Copies of that budget were mailed to your homes by the finance committee this past week, and I trust you have had time to study them a bit further. I hope you visualize not only financial figures, but what they mean in terms of Christian service; the Christian training of our children and ourselves in the church school, the ministry of the word, of pastoral service, of comfort and of consecration; the ministry of music; the sharing of denominational responsibility; the sharing of the gospel of Good News with others near and far in Our Christian World Mission; the maintenance of the housing we need for these services. You know that we propose to maintain our mission giving at the present level; that we expect to complete our quota for the denomination’s Building Loan Fund which revolves to help get new church buildings started in new and fast-growing communities; that the trustees feel we must start a fund for a new manse, since they have some doubts of putting further substantial sums into the present residence. You know that there is needed about a 25% increase in pledged giving to meet this ambitious budget. And I trust you know that each item represents a need and a vision of useful service.

With your giving you can maintain a place of worship; the means of significant worship itself; you can carry the gospel to many, many places beyond our own limits. You can lay up treasure where it will be invested in the happy growth of your own spirit and the hopeful future of countless other lives.

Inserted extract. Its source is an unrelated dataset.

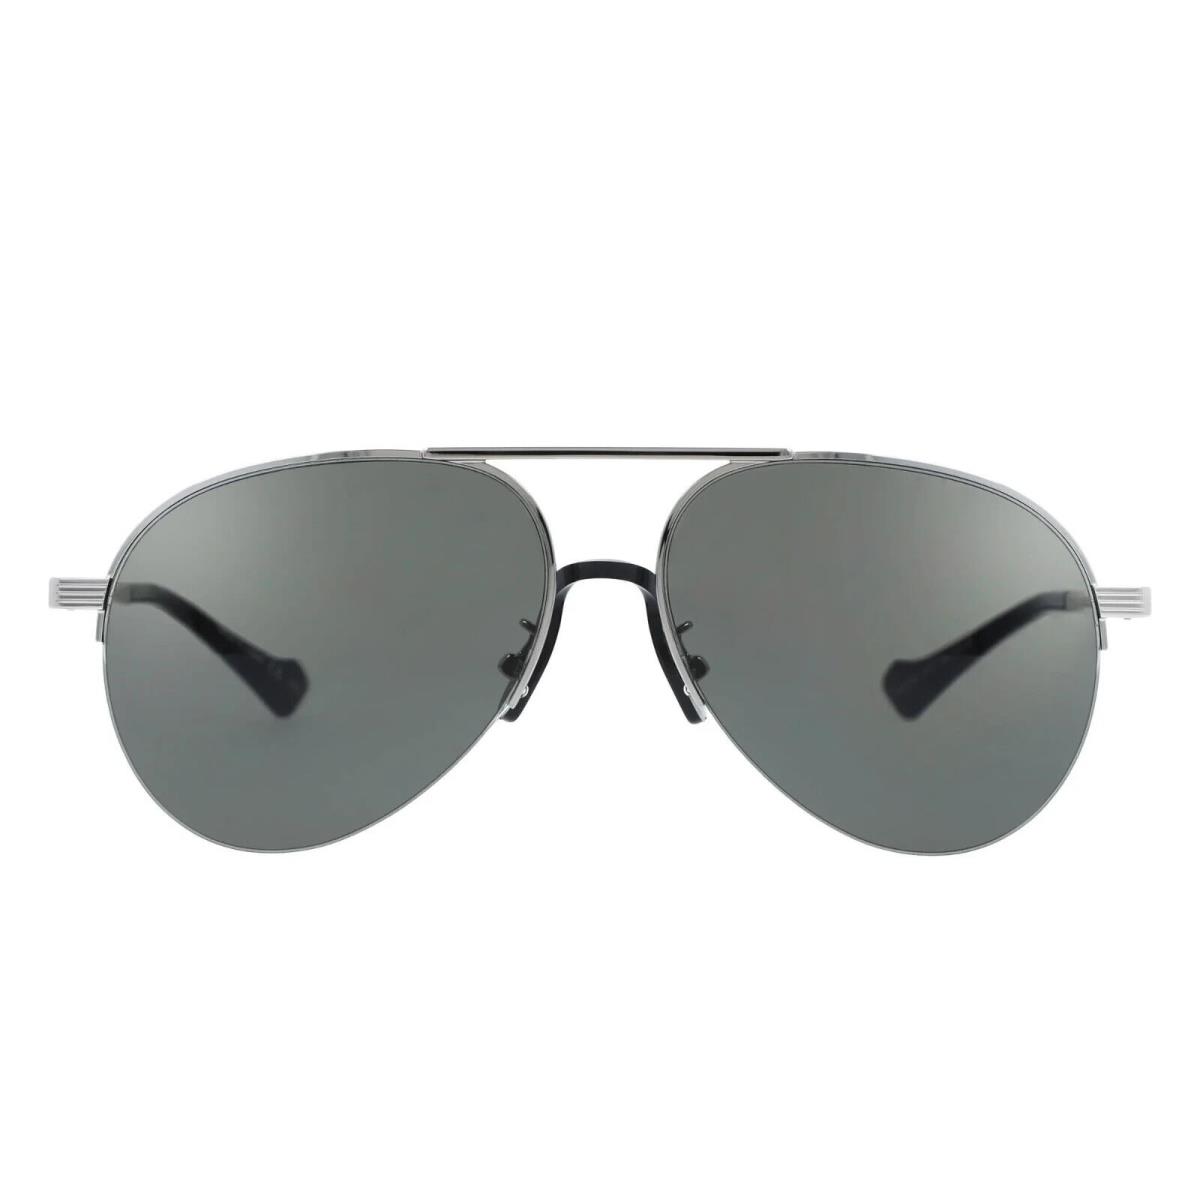 Gucci GG0742S-001 Silver Frame / Gray Lens Sunglasses

(1) Why should we give? Because giving is a part of God’s plan for the growth and usefulness of our spirits. Giving is the one sure way to possess splendid meaning for part of our substance. The life that God shares with us through Christ and His church, is shared with others.

(2) How shall we give?

Worthily

Regularly

Proportionately

Joyfully

Let what we decide to give come in for the work of this church just as regularly as we receive living ourselves. We encourage weekly giving because we believe in that regularity. We commend the practice of giving as a joy. Don’t “give ‘til it hurts,” give ‘til you feel good about it.

(3) How much shall we give?

Each one will answer that question for himself or herself. Answer it yourself -- prayerfully, thoughtfully, generously, as a good steward, a good administrator of all that God entrusts to you, as a good investor with a vision. The so-called “tithe” is not a legal requirement, but I’ve known some awfully happy folk who give at least a tenth of their net receivings -- possibly half of that for their church, and half for other charitable sharing.

Whatever the proportion of your means you decide you can give and wish to share, let the gift to your church be made gladly, faithfully, and with vision.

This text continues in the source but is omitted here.